▶ [What to work on] Below this line are records; write out exactly the lines from the one containing "Reptilien, Zwergschlange, Linne's" through the one containing "Protestors confront the police", with the pictures left out.
-- The input follows --
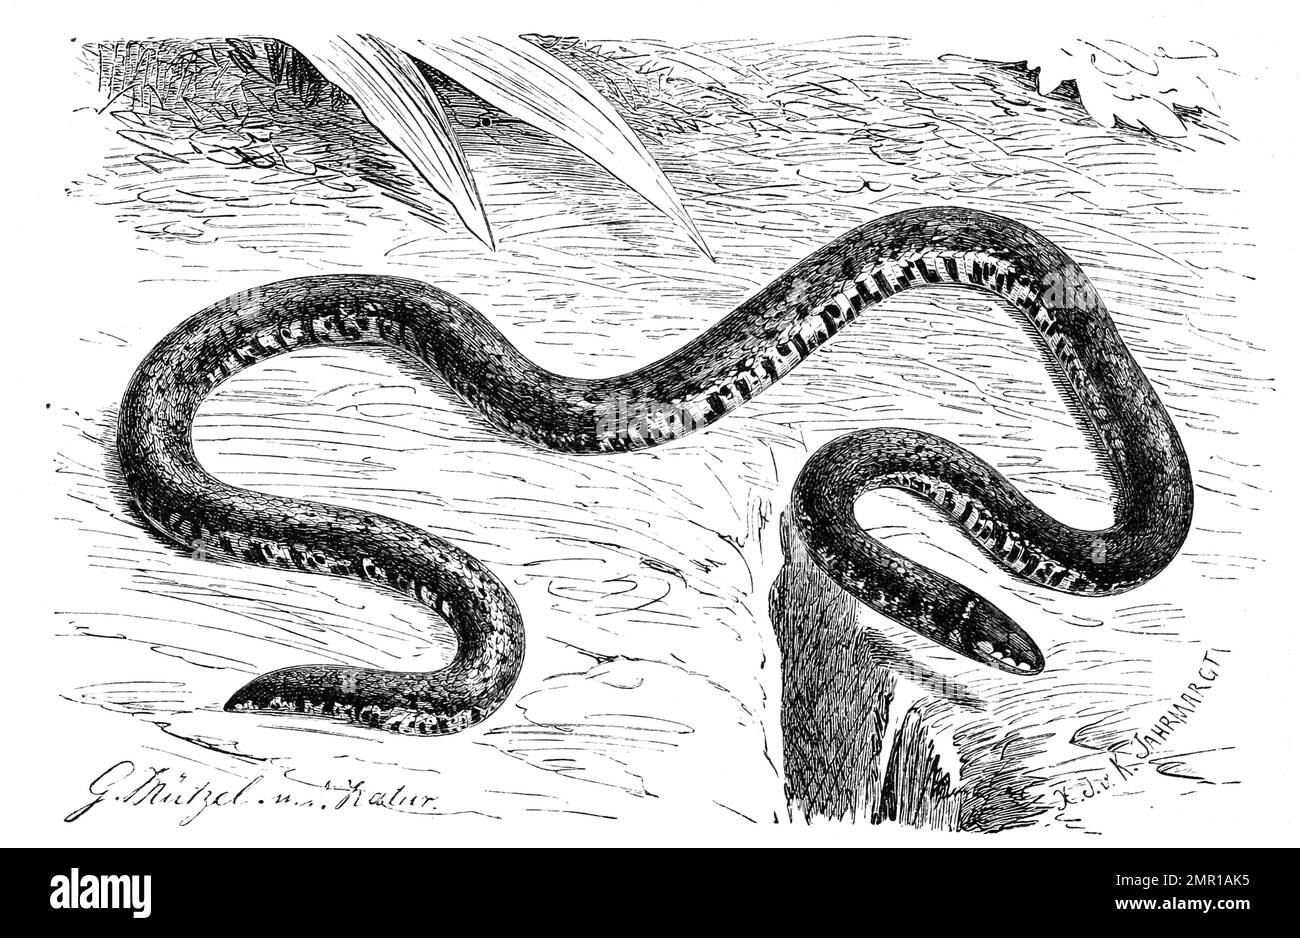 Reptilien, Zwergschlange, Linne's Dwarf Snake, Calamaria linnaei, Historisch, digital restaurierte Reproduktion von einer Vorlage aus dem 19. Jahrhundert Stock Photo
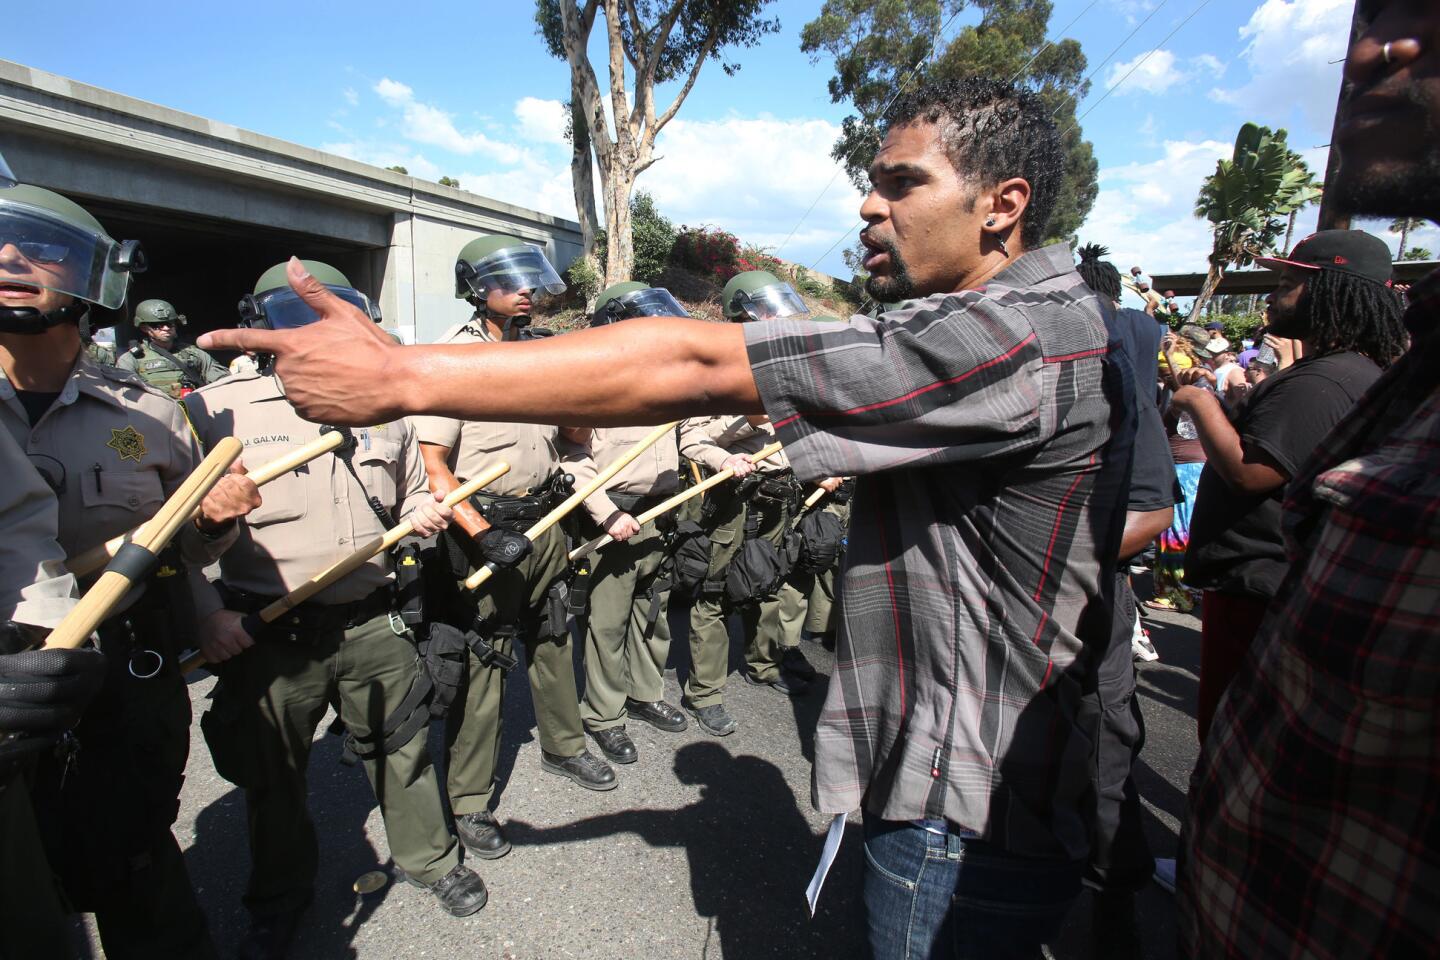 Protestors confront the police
-- The input concluded --
-- The input follows --
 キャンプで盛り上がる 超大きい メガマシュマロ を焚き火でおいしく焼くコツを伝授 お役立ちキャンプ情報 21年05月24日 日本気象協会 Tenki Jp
-- The input concluded --
-- The input follows --
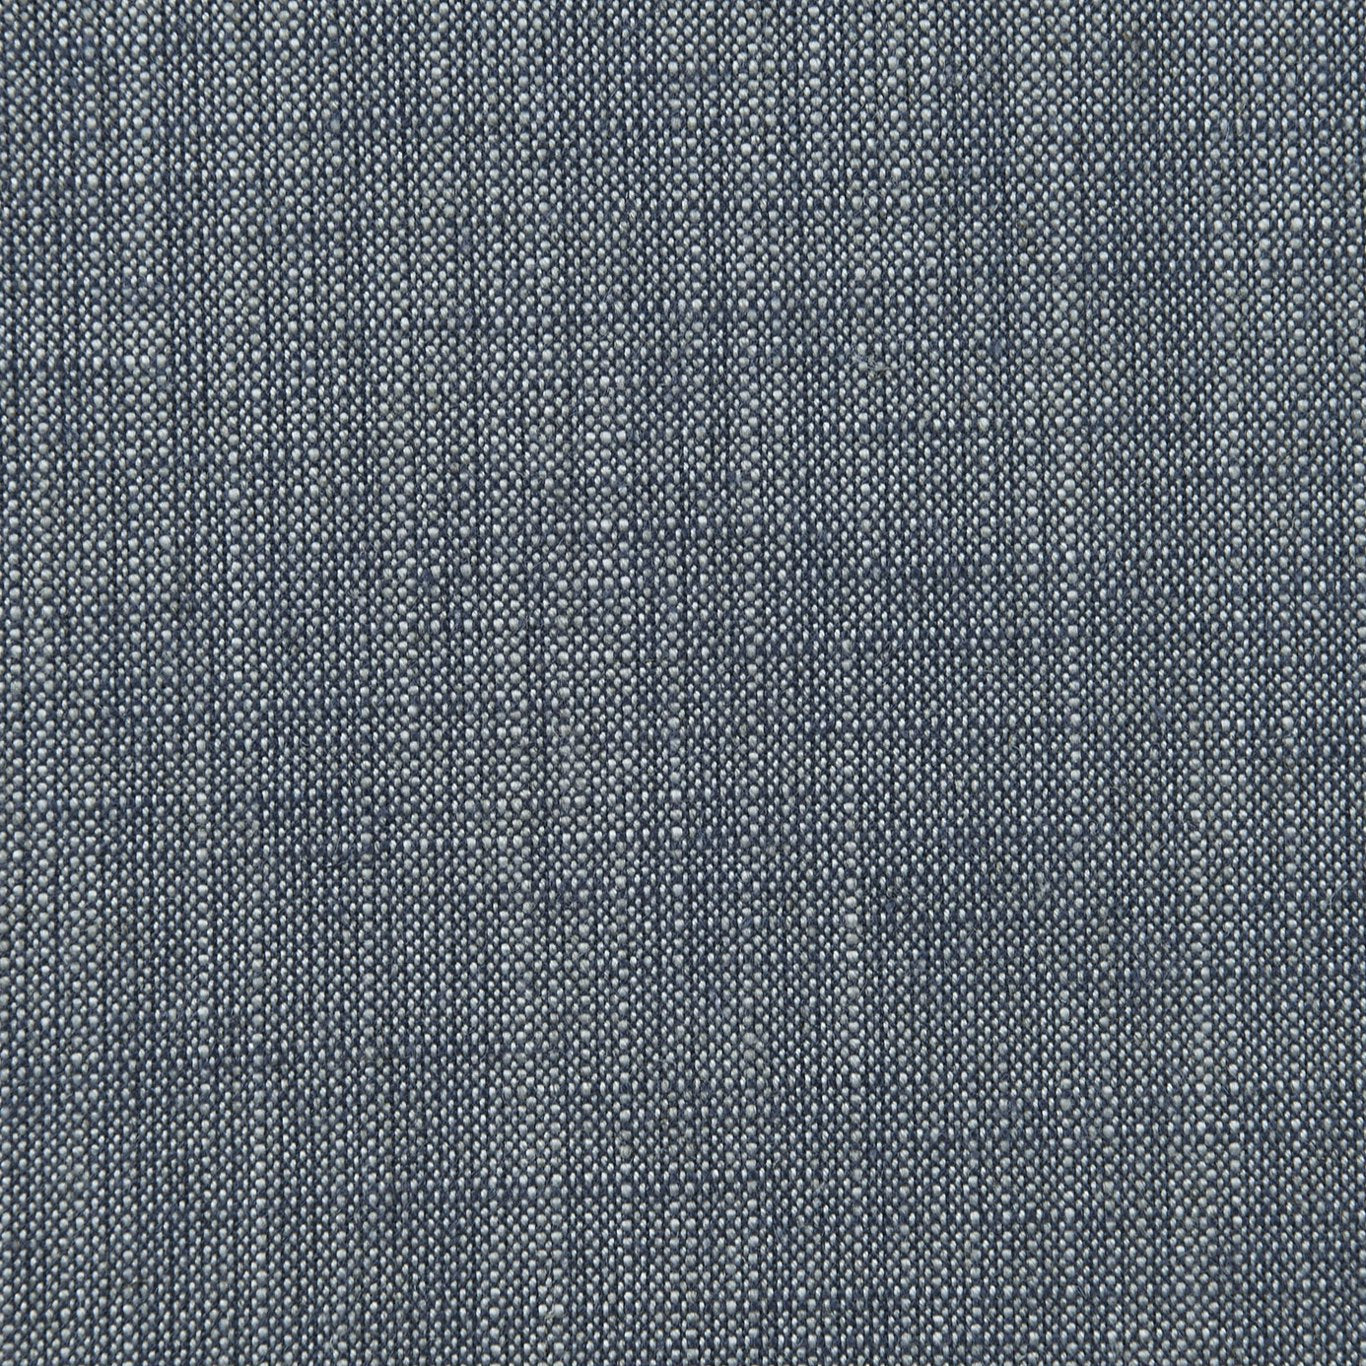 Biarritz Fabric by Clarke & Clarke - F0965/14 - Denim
-- The input concluded --
▶ [Task response]
 Reptilien, Zwergschlange, Linne's Dwarf Snake, Calamaria linnaei, Historisch, digital restaurierte Reproduktion von einer Vorlage aus dem 19. Jahrhundert Stock Photo
 Protestors confront the police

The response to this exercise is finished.